Maldonado's modesty should not deprive him of special recognition for his admirably unbiased and objective coverage of the city manager. Consider his dogged reporting of an incident that took place on June 30, 1994, outside Miami City Hall. Odio had apparently exchanged words with his nemesis, gadfly Manuel Gonzalez-Goenaga. It seems that Gonzalez-Goenaga disparaged Odio's mother in some way, and Odio became -- well, let's let Maldonado tell it. The following excerpt, translated from Spanish, appeared in the July 8, 1994 El Expreso, the edition with the front-page illustration of Fidel Castro's head on a dog's body:
"Outside of City Hall, Manuel Gonzalez-Goenaga said something incorrect about Sara Odio, the much beloved mother of senor Cesar Odio, the city manager of Miami; a man of recognized honesty, who upon hearing these scurrilous barbs, went out in defense of his dear mother and confronted Gonzalez....
"We warmly congratulate our friend Cesar Odio for this noble gesture to defend his mother....This lady is a former political prisoner who served a sentence of ten years in the women's prison in communist Cuba, all to defend the democracy and liberty of her country and of the world.
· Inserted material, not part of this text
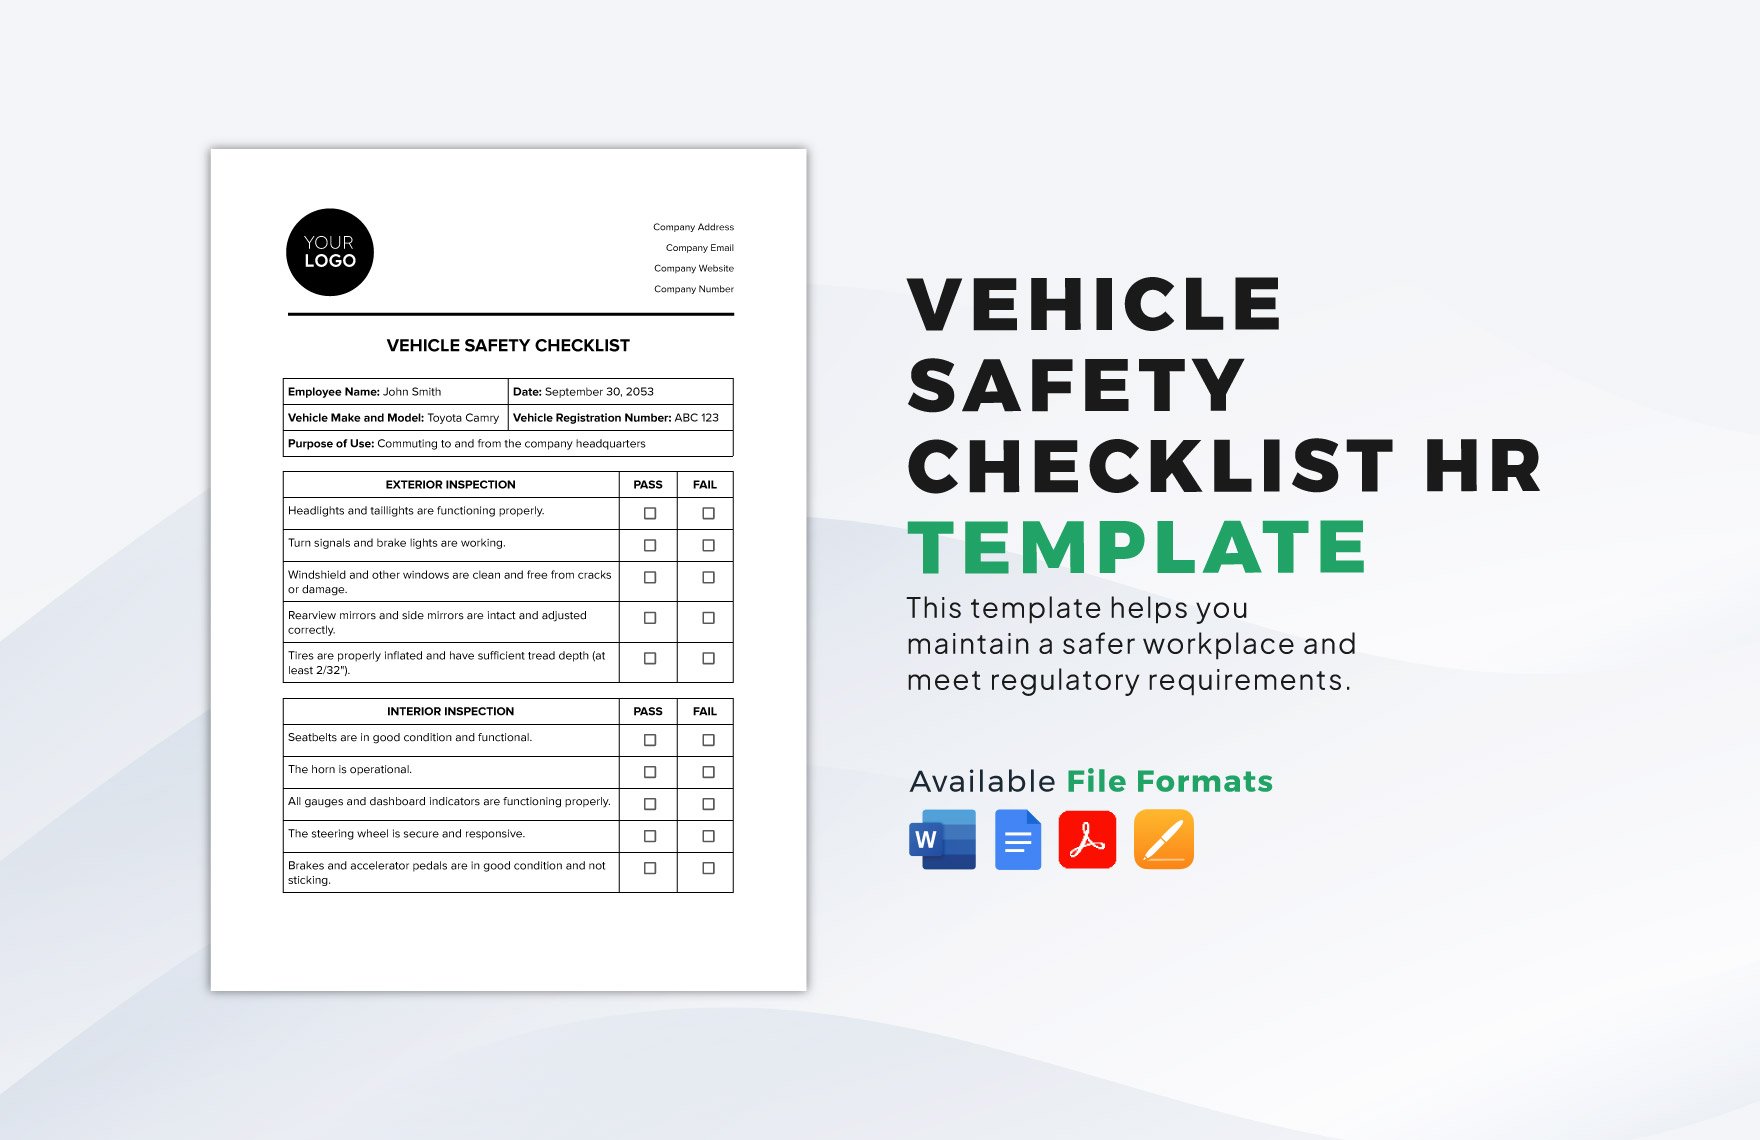 Vehicle Safety Checklist HR Template

Yes, this lady is considered a modern-day Mariana Garjales, a Cuban woman who fought with love and tenacity for our cause."
The slogan of El Expreso, printed on the front page of every issue, reads, "A free forum for every responsible opinion."
"He wasn't even there!" bellows Gonzalez-Goenaga when shown the article (he already had his own copy). "How can he say what happened? Jeez! This is outrageous."
His sense of fair play always at the forefront, Odio has not overlooked Miami's vibrant community of Spanish-language radio broadcasters. Confrontational personality Carlos D'Mant received a $1500 check, made out directly to him, in March 1994. Officially the money was a "donation" covering the cost of 100 tickets to a banquet honoring D'Mant's "contribution to the community via radio."
On-air personality Juan Amador of Radio Mambi collected on a series of $4000 "professional service" agreements with the city for assistance "with press releases, promotion, and coordinating of special events." In 1994, after receiving the final check on one contract, Amador received an additional $2000, without the commission's knowledge, for "work with the elderly."
Odio's cash subsidies, of course, aren't restricted to members of the Spanish-language press. Elena Carpenter, one of only two people on the masthead of the Coconut Grover (she's the general manager), sent Commissioner J.L. Plummer a letter in April 1996, in which she revealed her desire to pedal a bicycle from Orlando to Miami as a participant in the Florida AIDS Ride. "I would like to proudly wear the logo of the City of Miami for every mile of this challenging ride in the nationally televised event," she declared. After reminding Plummer of her position at her newspaper, she "hereby humbly request[ed] that the City of Miami sponsor me for this event by contributing the $1400 sponsorship requirement."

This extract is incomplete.